Although past studies, including a systematic review, have not shown a difference between thrusts applied to dysfunctional segments and thrusts applied to healthy segments with regard to clinical outcome measures (eg, pain, pain threshold, or grip strength), it should be noted that in those studies the concept of “dysfunctional segment” was not well defined and, therefore, both experimental groups may have received thrusts on dysfunctional segments. Moreover, in some studies, thrusts were applied according to a preconceived decision of the investigators and not as a result of clinical evaluation. Another limitation can also be found in the parameters measured: pain intensity or perceived disability are indeed subjective and can be influenced by the patient’s expectations. Not to mention that they may require multiple therapy sessions, not just one thrust. To assess whether thrusts induce actual and immediate changes, more objective measures such as imaging techniques are needed. However, X-rays are not suitable since they emit ionising radiation, and some MRIs are particularly expensive.

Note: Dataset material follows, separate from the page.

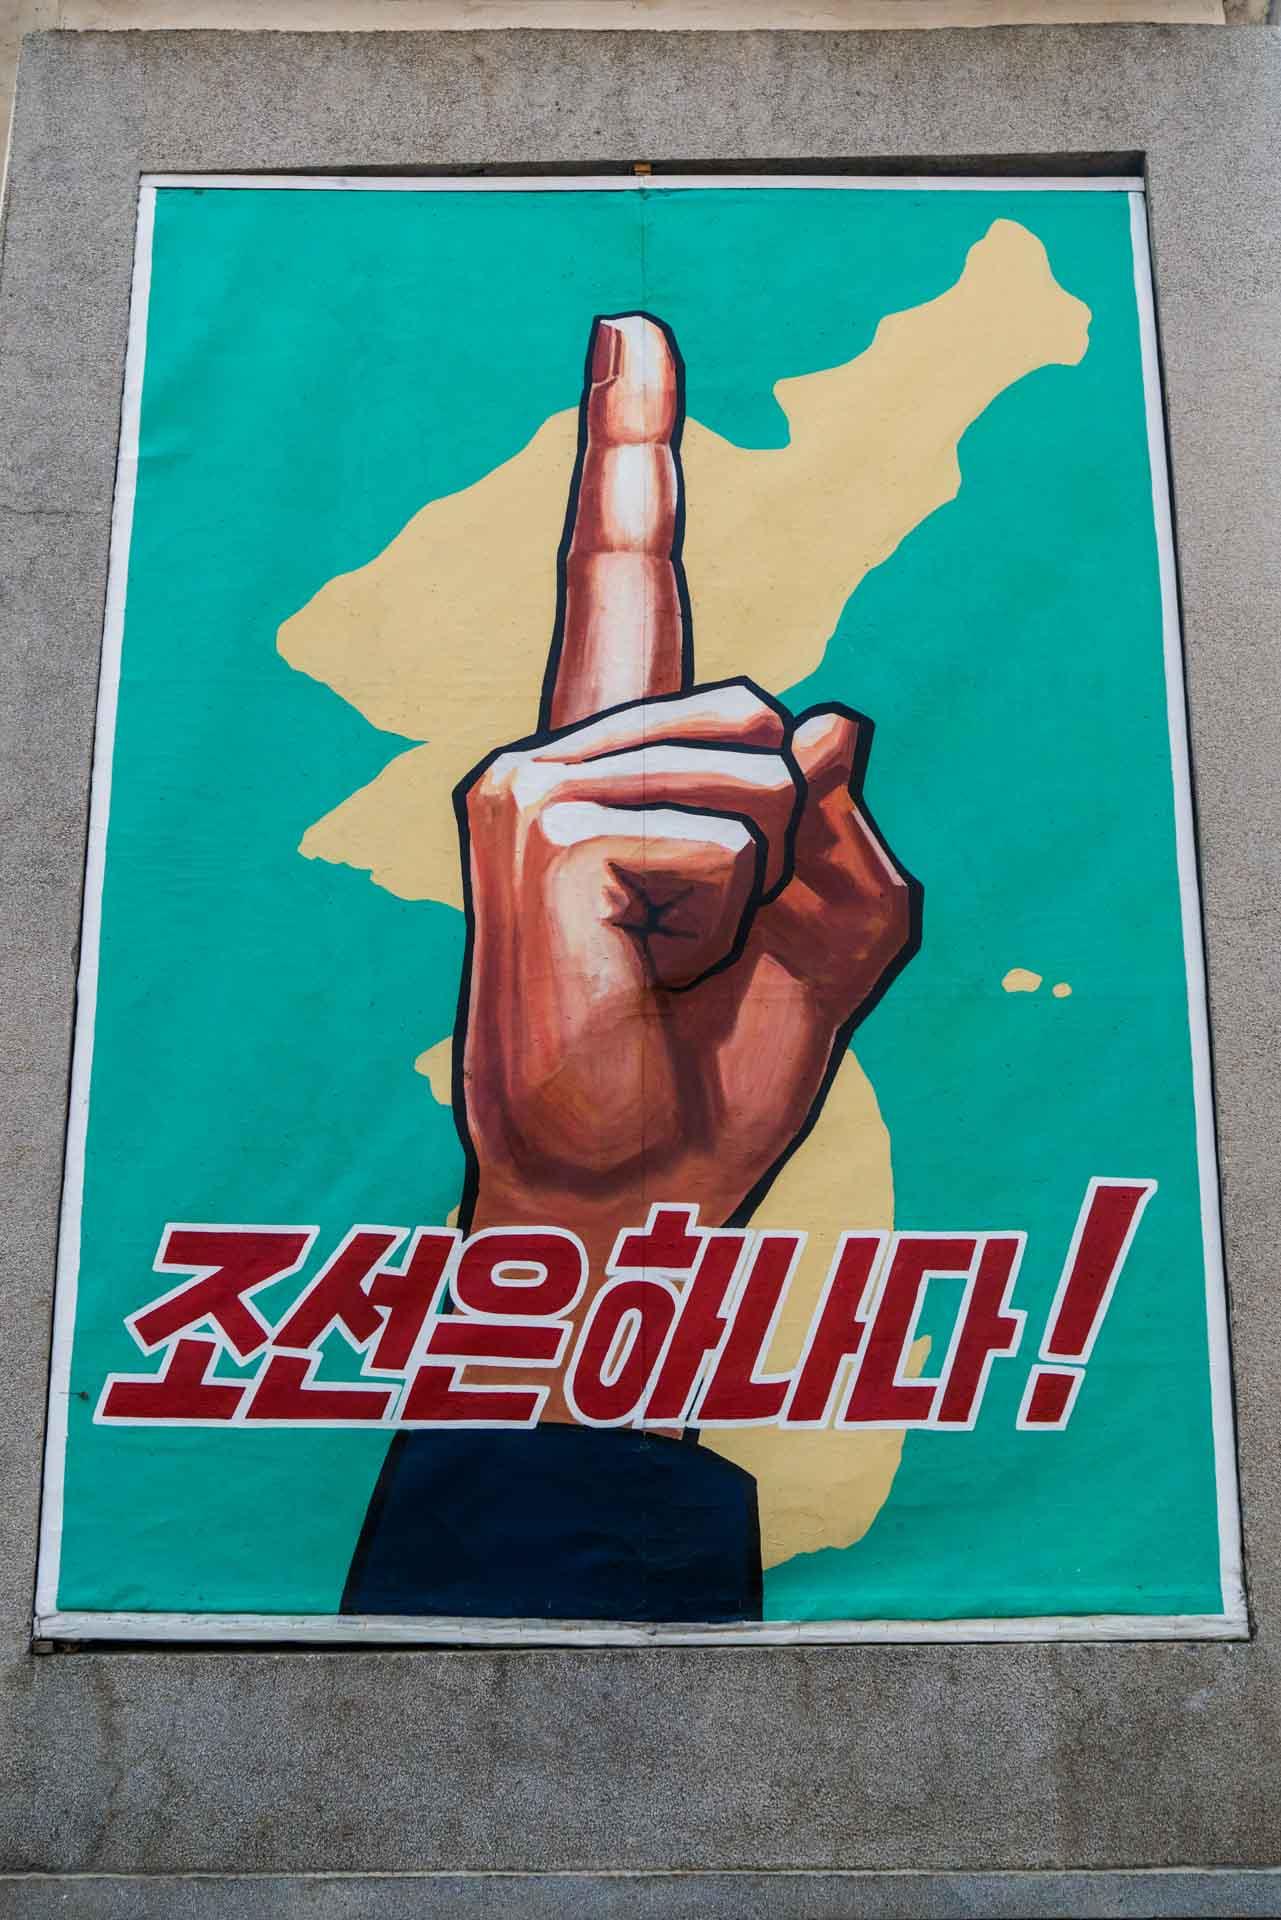 A Red Superhero in North Korea Enrico Pescantini pyongyang propaganda art 5

Nevertheless, these negative results are part of the literature and prevent proper guidance on thrust application in case of pain.

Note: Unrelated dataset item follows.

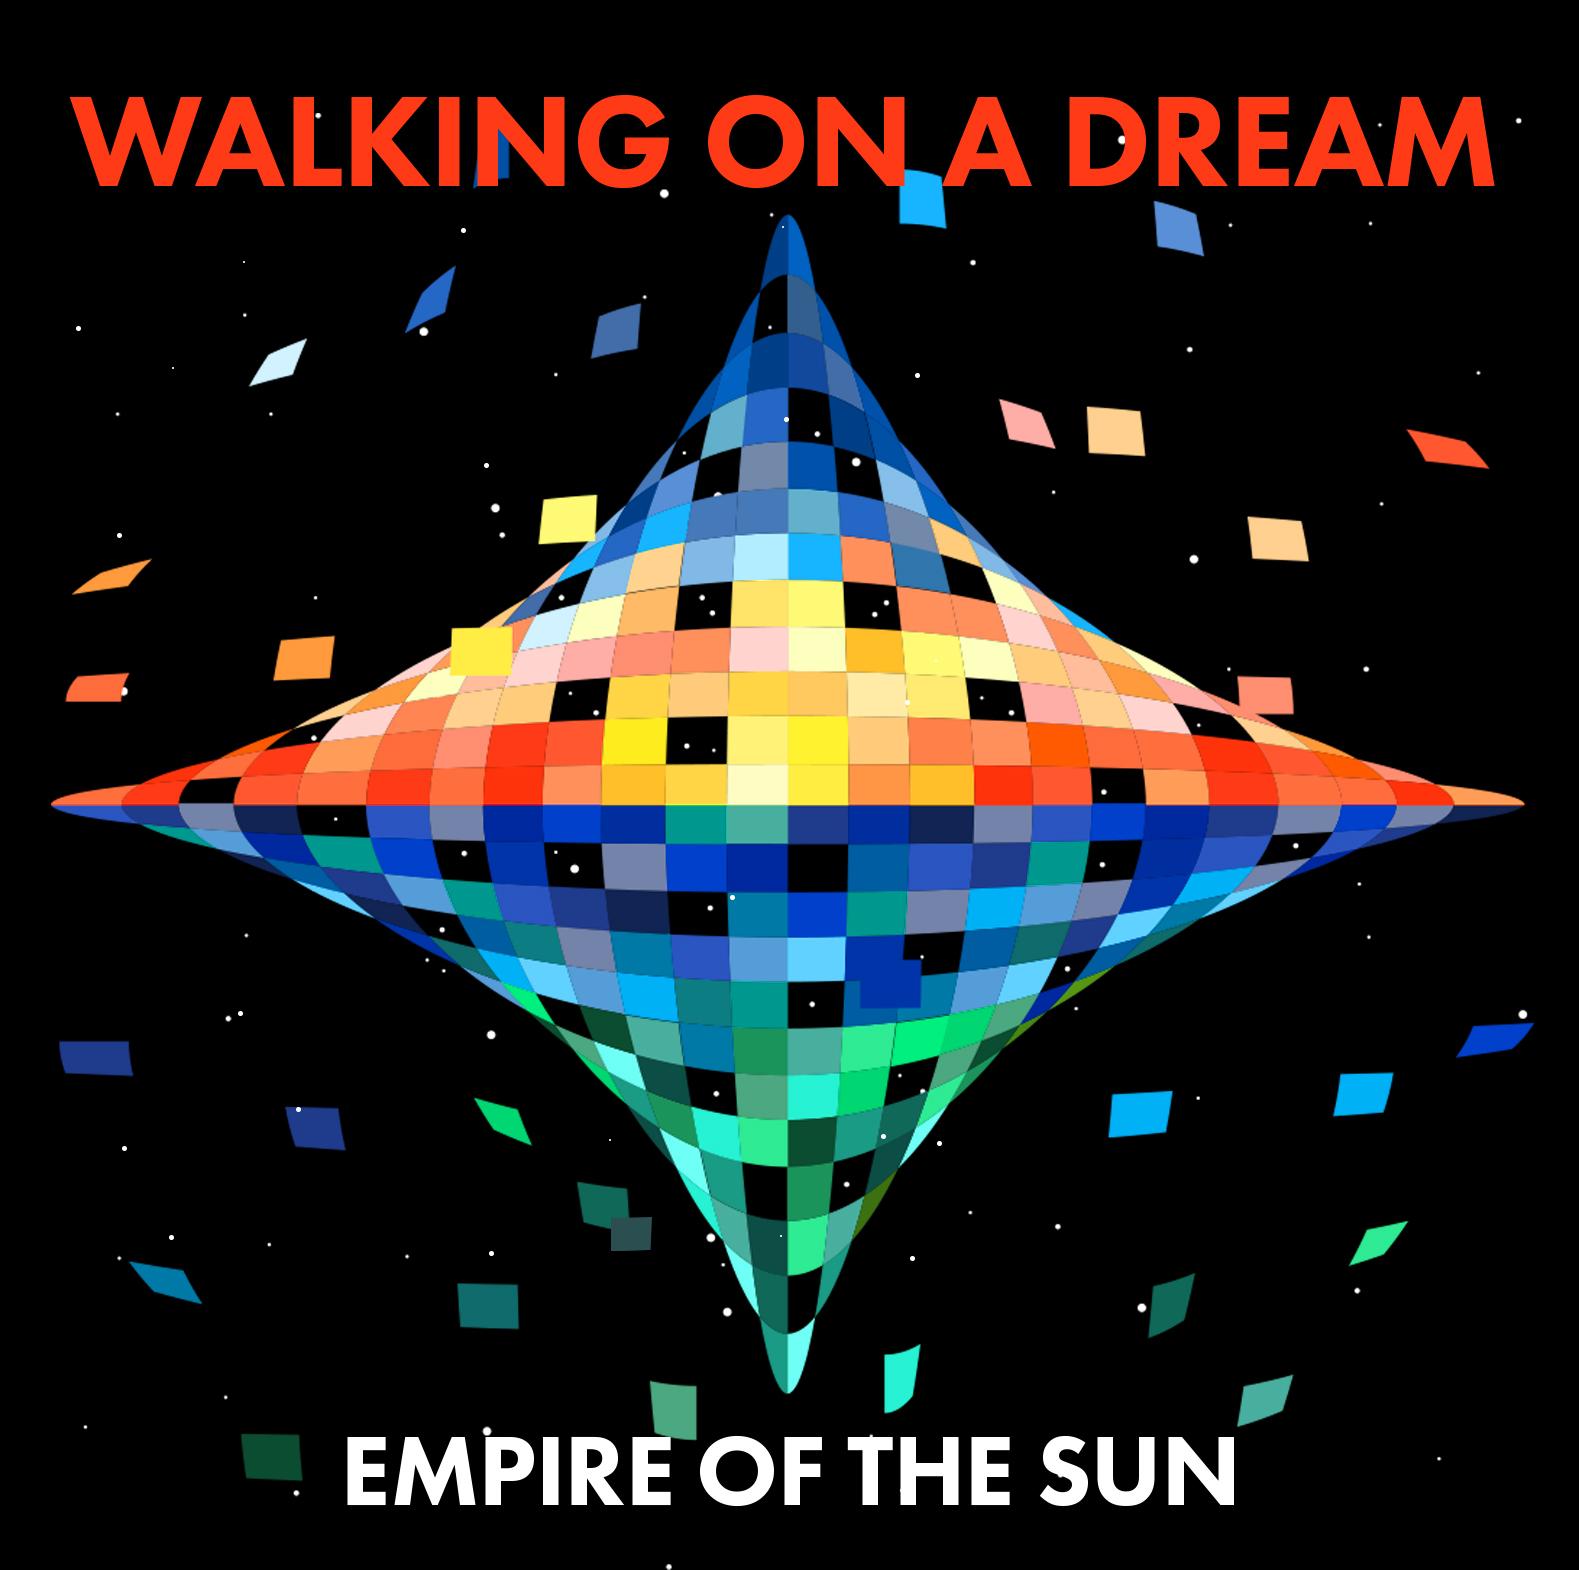 WALKING ON A DREAM MARS3LL RADIO EDIT СКАЧАТЬ БЕСПЛАТНО

Since the N30 SEP complex is derived from somatosensory processing at the prefrontal level, but also from the activity of other areas, such as the primary sensory cortex, basal ganglia, thalamus, premotor areas, and primary motor cortex, thrusts on dysfunctional vertebrae could involve activation of paravertebral proprioceptive sensory circuits. In case of dysfunction, in fact, muscle fibers in deep paravertebral muscles may atrophy, undergo fatty infiltration and fibrotic processes, as well as alterations in neuromuscular spindles, thus negatively modifying the processing and organization of the primary sensorimotor cortex. This alteration would promote the onset and chronicization of pain since it is now known that, in the state of pain, there is often a complex reorganization of the brain’s sensorimotor maps (homunculi). By modifying the activity of these cortices, thrusts seem to have the potential to “revive” these circuits. Further studies are therefore needed to fully assess the clinical relevance of the findings of this study.

Of course, this study is limited by having applied only one thrust per person, which does not reflect a real clinical treatment plan. In addition, N30 amplitude was measured only immediately after the thrust: without follow-up, therefore, it is not possible to know how this effect evolves. Furthermore, given the anatomical and functional neuromuscular differences, the results of this study cannot be generalized to other spinal segments. Similarly, having used a tool to apply thrusts, the results cannot be extended to other methods of application, although the reduction in N30 amplitude that emerged in this study is quite comparable to that found in studies where thrusts were applied manually. Another limitation is that no clinical outcomes (eg, decrease in pain or improvement in range of motion) were measured and, therefore, it is unclear whether the change in N30 amplitude has any actual consequences. Furthermore, the study was carried out on young adults: therefore, it is important to understand whether any age-related degenerative changes might interfere with thrust-induced mechanoception. It is also to be considered that the results are not applicable to people with special conditions such as cervical radiculopathy or herniated discs. Finally, the chiropractor knew whether he was performing a thrust on a dysfunctional or healthy vertebra, which may have introduced bias into the results.

The review of Osteopedia

By Marco Chiera

Strengths: calculation of sample size (how many people to recruit) based on a pilot study (although not published); good description of the design and interventions; excellent discussion and, most importantly, excellent presentation of the limitations of the study (this is an excellent example of self-criticism by the authors, which should be taken as an example).

Limits: those already expressed by the authors in the discussion.